А теперь вообразите, что вам или еще кому не нравится наше столетие. Есть ведь люди, которые обожают тишину и покой: кое-кого просто тошнит от газет, где что ни день пишут о войне, — дескать, в одном месте она уже вспыхнула или вот-вот вспыхнет, в другом — изволите знать — казнят и сажают в тюрьмы, а в третьем несколько сот или несколько тысяч людей ни с того ни с сего поубивали друг друга. На все нужны нервы, сударь. Не всякий такое выдержит. Кое-кому не по себе, коли на свете всякий день безобразия творятся. Неужто, дескать, и мне собственными глазами такое увидеть придется? Я человек мирный, семейный, цивилизованный, у меня дети, не желаю я, чтобы они росли и воспитывались в это дикое… я бы сказал, рас…распущенное и небезопасное время. Таких чудаков, я уверен, немало наберется. Да и то сказать, оно, пожалуй, и правда: нету нынче у человека никакой уверенности, что сам жив-здоров будешь, что удержишься на службе; даже в своей собственной семье — и то уверенности нет. Старые-то времена и впрямь понадежнее были. Слоном, отыщутся у нас мудрецы, которым нынешние нравы никак не по нутру. Некоторые от этого просто очень несчастны. Им прямо жизнь не в жизнь — как если бы их занесло на какую-нибудь глухую, воровскую улицу, где и носа из дому не высунешь. А что поделаешь? Ничего. Жизнь-то бежит!

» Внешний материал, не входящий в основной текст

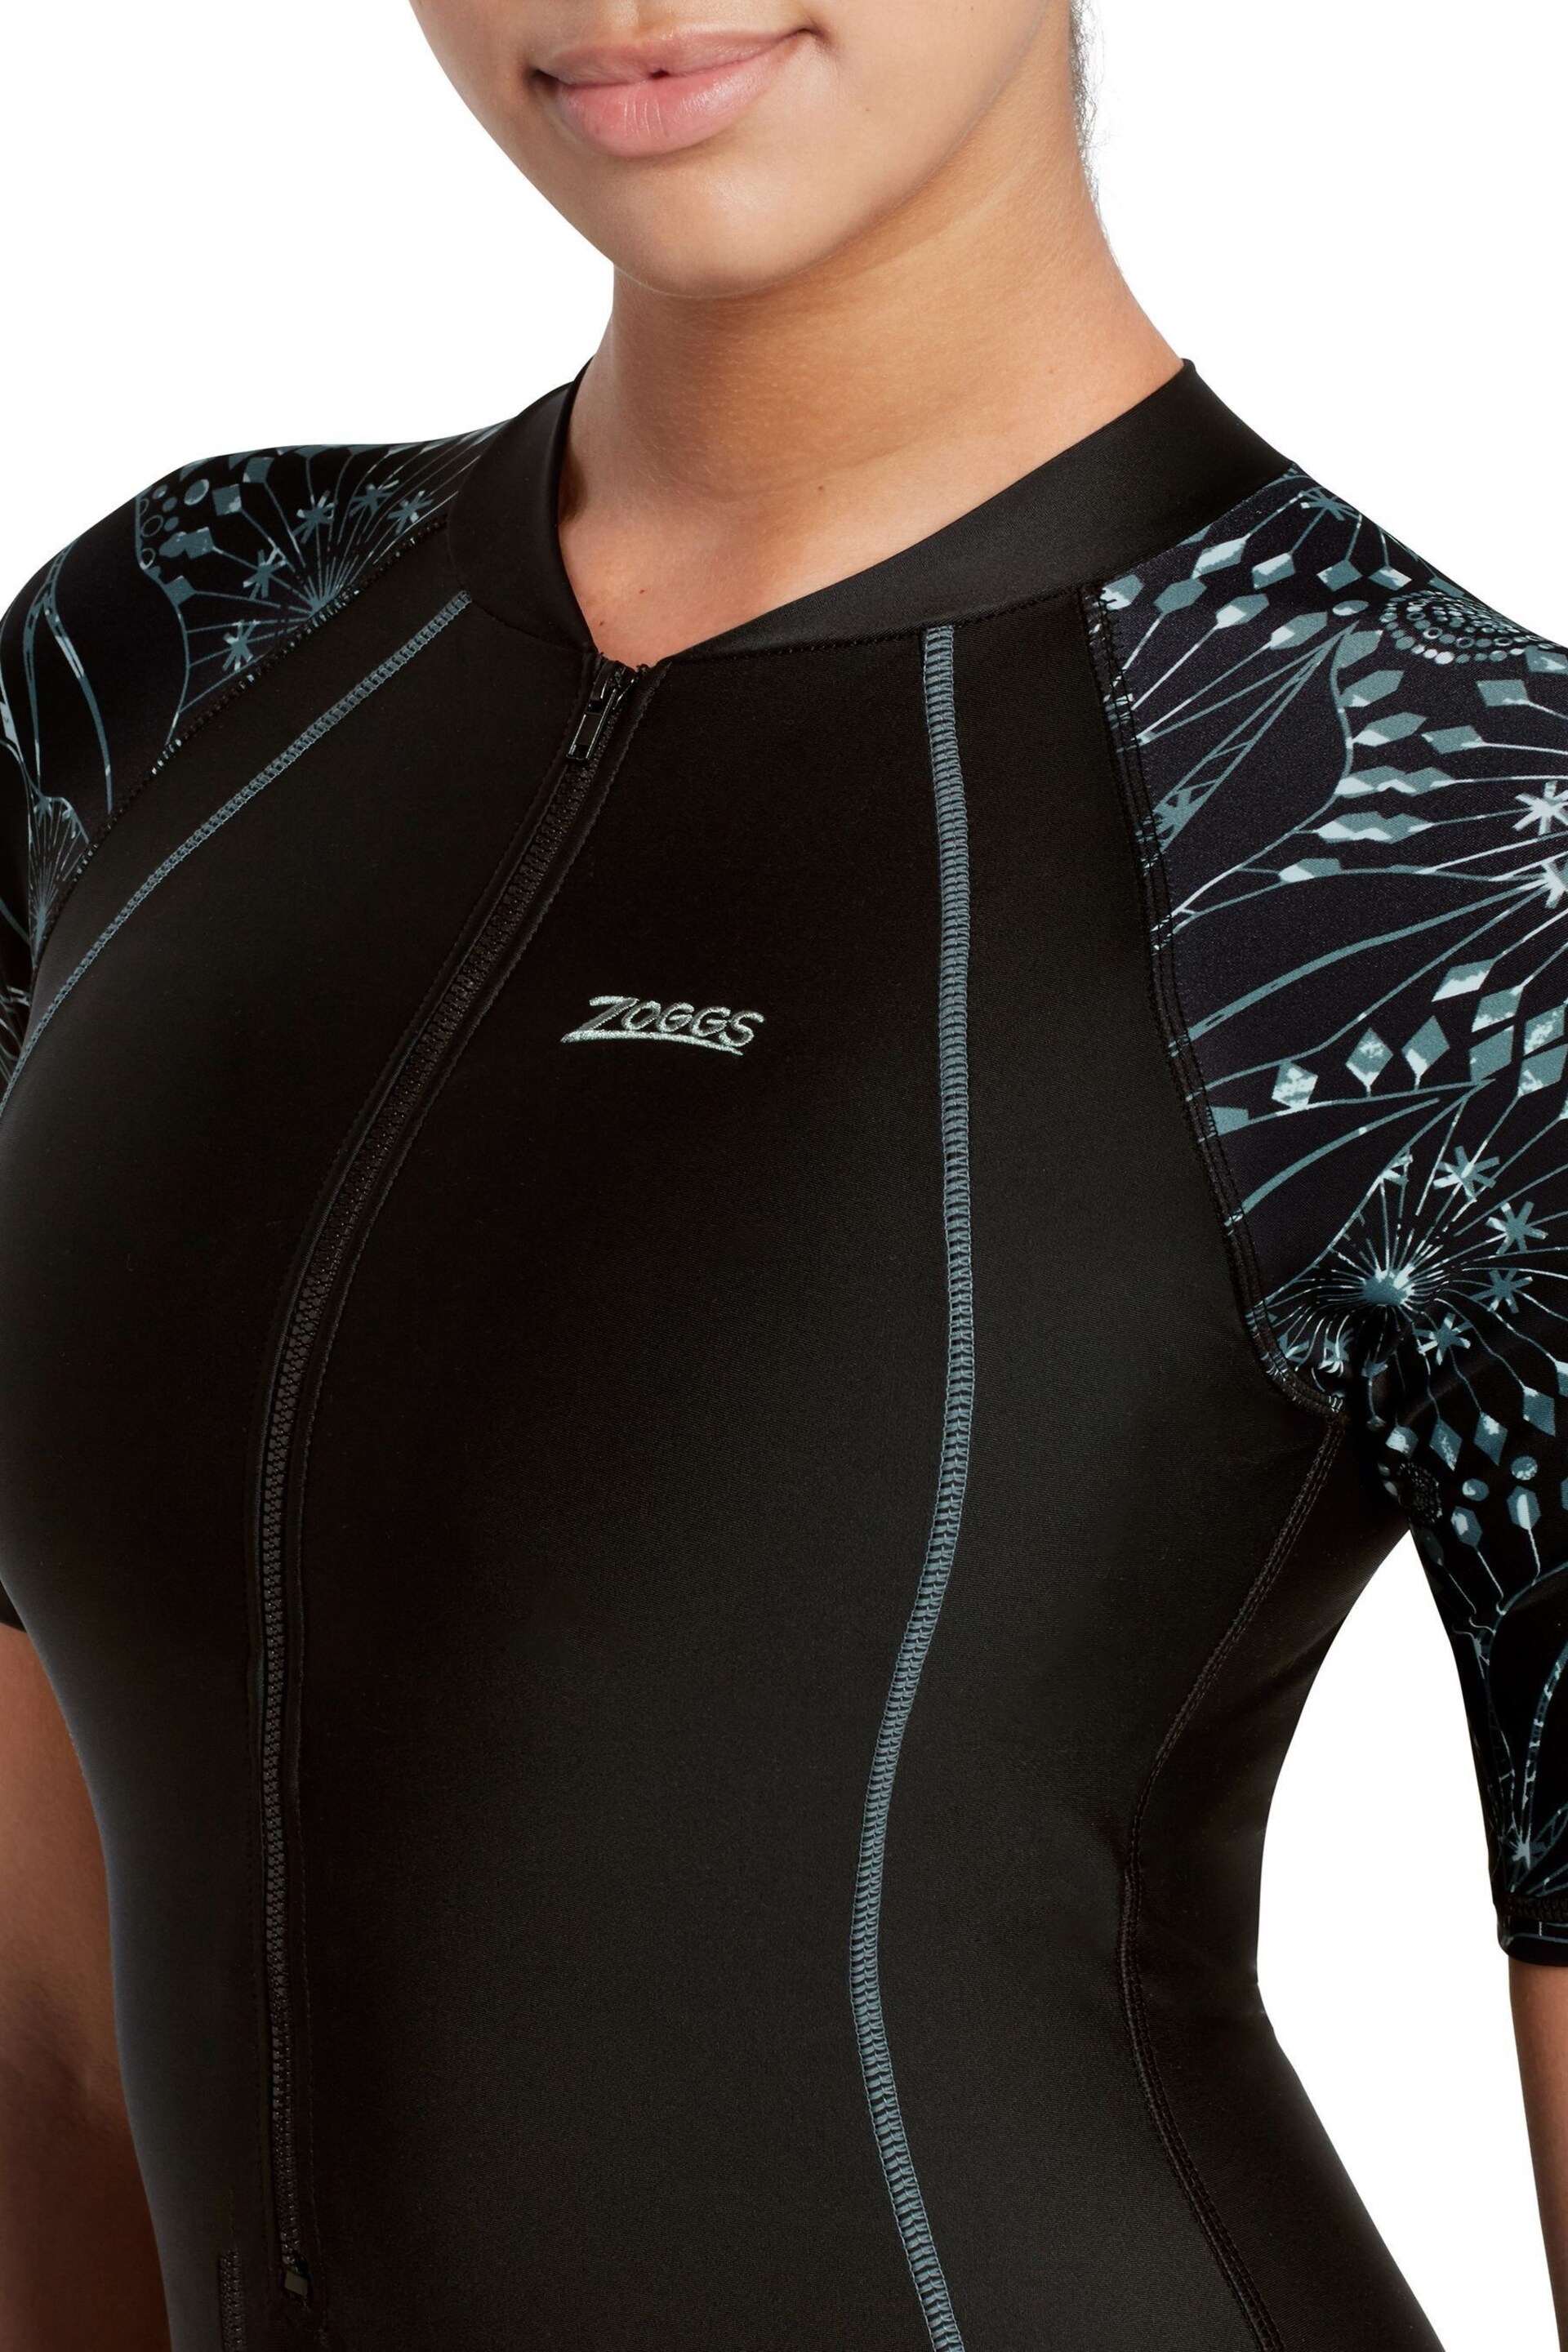 Zoggs Stellar UPF50+ Kneesuit Black Swimsuit With Removable Foam Cup Support - Image 4 of 6

Вот тут-то я и появлюсь, голубчик, и вручу этакому типу проспект своей конторы по переселению.

Вам не нравится двадцатый век? Положитесь на меня — на своих специальных, прекрасно оснащенном транспорте я перемещу вас в любое столетие. И это будет не какое-нибудь путешествие, а всамделишное переселение. Изберите себе столетие, какое вам больше подходит, — и мы с помощью квалифицированных специалистов быстро, дешево и удобно доставим вас вместе с вашей семьей и со всеми вашими мебелями, куда потребуете. Мои машины надежно действуют пока только в радиусе трехсот лет, однако мы трудимся над созданием двигателей, радиус действия которых позволяет играючи одолеть два и даже три тысячелетия. Такса за каждый пройденный килограммогод — столько и столько-то…

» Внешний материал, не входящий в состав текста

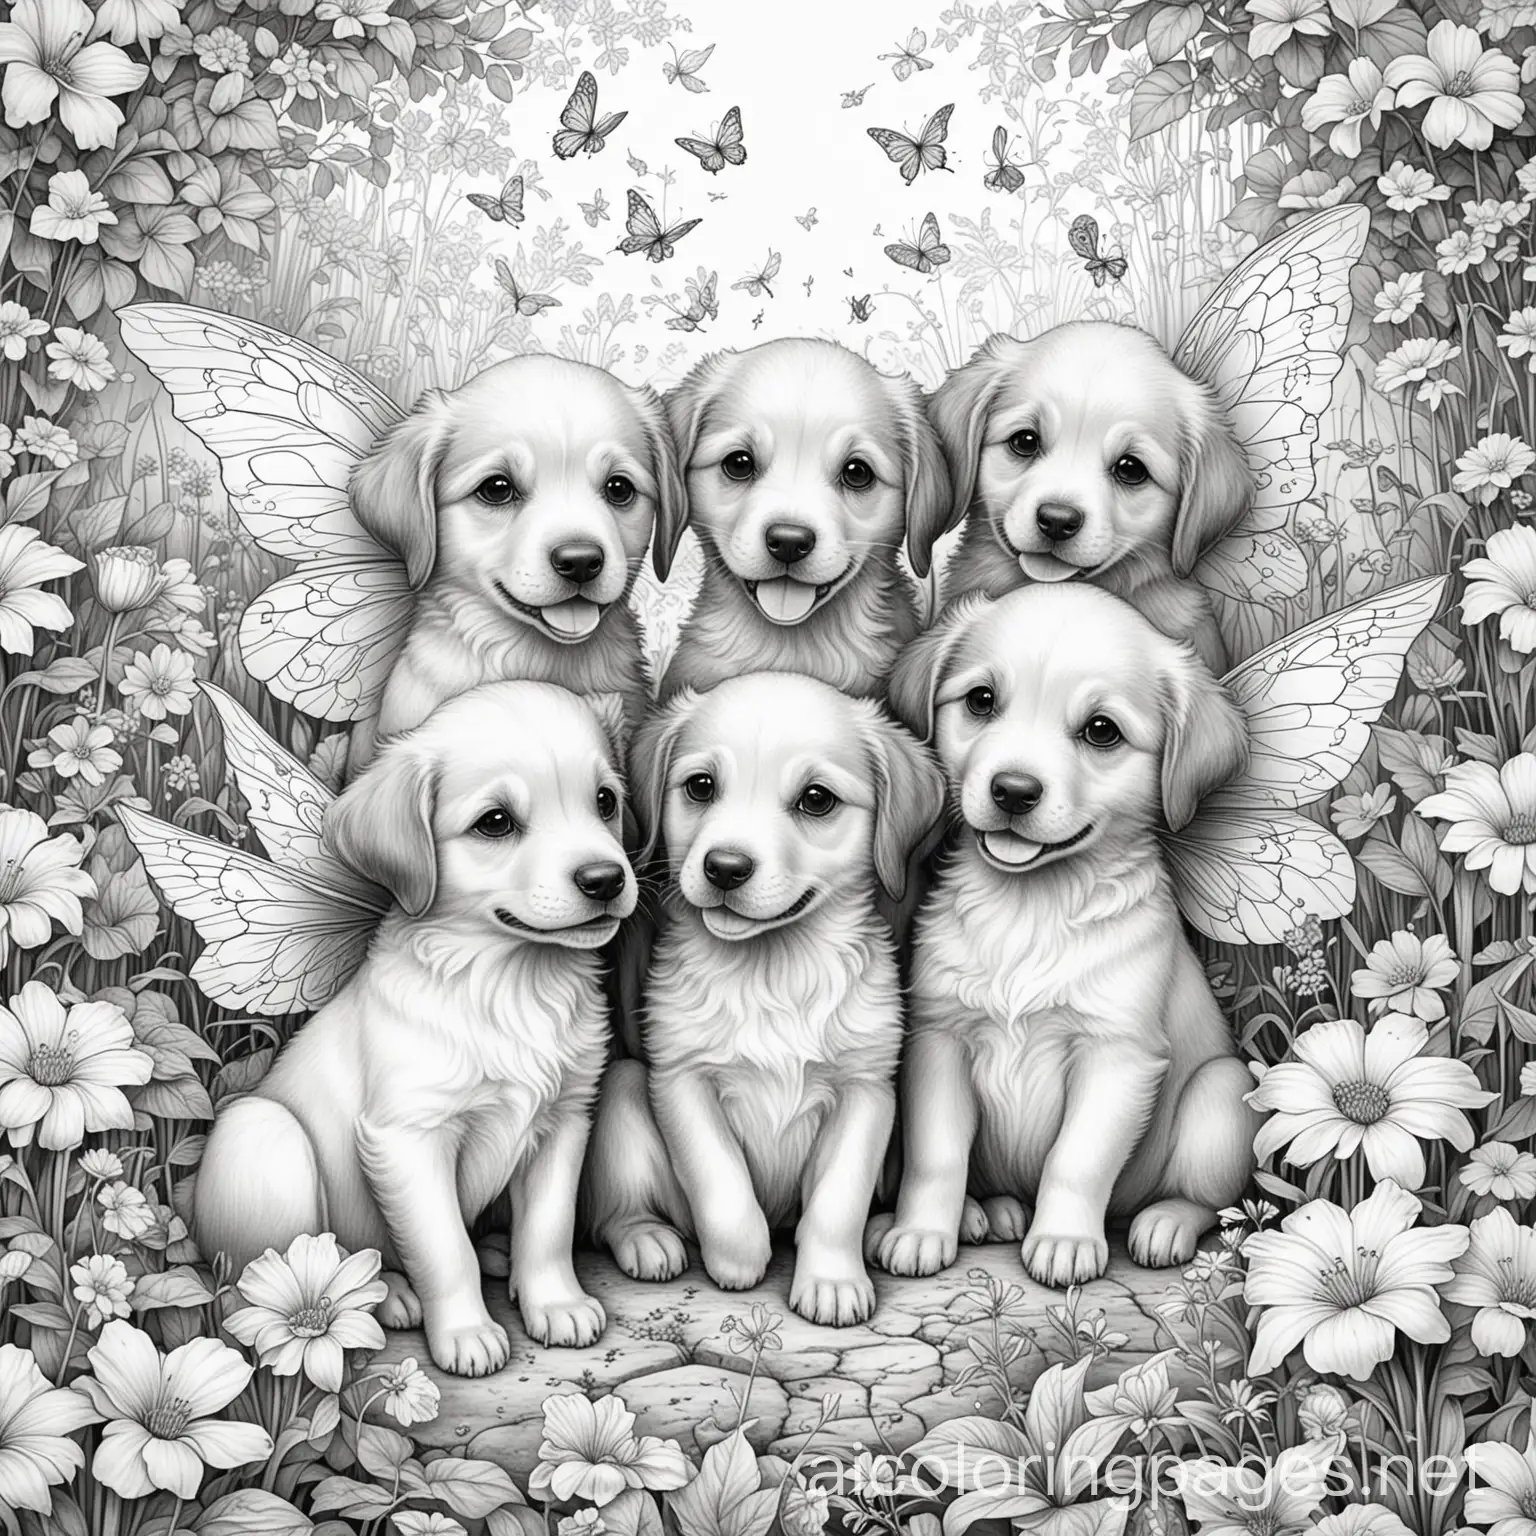 happy puppies surrounded by kind fairies in a flower garden, Coloring Page, black and white, line art, white background, Simplicity, Ample White Space. The background of the coloring page is plain white to make it easy for young children to color within the lines. The outlines of all the subjects are easy to distinguish, making it simple for kids to color without too much difficulty

Сколько это в деньгах — я пока тоже не имею понятия; то есть и машин, которые перемещались бы во времени, у меня тоже нет; однако не извольте беспокоиться, все образуется, стоит лишь взять карандаш и подсчитать прибыль. А что до организации — организацию я давно продумал. Скажем, приходит ко мне клиент; дескать, так и так, желаю переселиться из этого треклятого столетия, хватит, мол, с меня отравляющих газов, гонки вооружения, фашизма и вообще всего этого прогресса…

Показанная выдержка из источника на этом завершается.